作者：DMIR 来自： 发表时间：2016-06-18 浏览量：1073
报告题目: Large-scale linear classification: status and challenges
报告人：国立台湾大学 Chih-Jen Lin博士、特聘教授
Chih-Jen Lin is currently a distinguished professor at the Department of Computer Science, National Taiwan University. He obtained his B.S. degree from National Taiwan University in 1993 and Ph.D. degree from University of Michigan in 1998. His major research areas include machine learning, data mining, and numerical optimization. He is best known for his work on support vector machines (SVM) for data classification. His software LIBSVM is one of the most widely used and cited SVM packages. For his research work he has received many awards,including the ACM KDD 2010 and ACM RecSys 2013 best paper awards. He is an IEEE fellow, a AAAI fellow, and an ACM fellow for his contribution to machine learning algorithms and software design. More information about him can be found at http://www.csie.ntu.edu.tw/~cjlin.

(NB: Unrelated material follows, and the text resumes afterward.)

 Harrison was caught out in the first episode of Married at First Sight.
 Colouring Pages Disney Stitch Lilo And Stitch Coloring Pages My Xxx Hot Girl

Many classification techniques such as kernel methods or decision trees are nonlinear approaches. However, linear methods of using a simple weight vector as the model remain to be very useful for many applications. By careful feature engineering and having data in a rich dimensional space, the performance may be competitive with that of using a highly nonlinear classifier. Successful application areas include document classification and computational advertising.In the first part of this talk, we give an overview of linear classification by introducing commonly used formulations. We discuss optimization techniques developed in our linear-classification package LIBLINEAR for fast training. The flexibility over kernel methods in selecting and employing optimization methods can be clearly seen in our discussion.In the second part of the talk, we select a few examples to demonstrate how linear classification is practically applied.They range from small to big data. The third part of the talk discusses issues in applying linear classification for big-data analytics. We particularly demonstrate our recent work on multi-core and distributedlinear classification.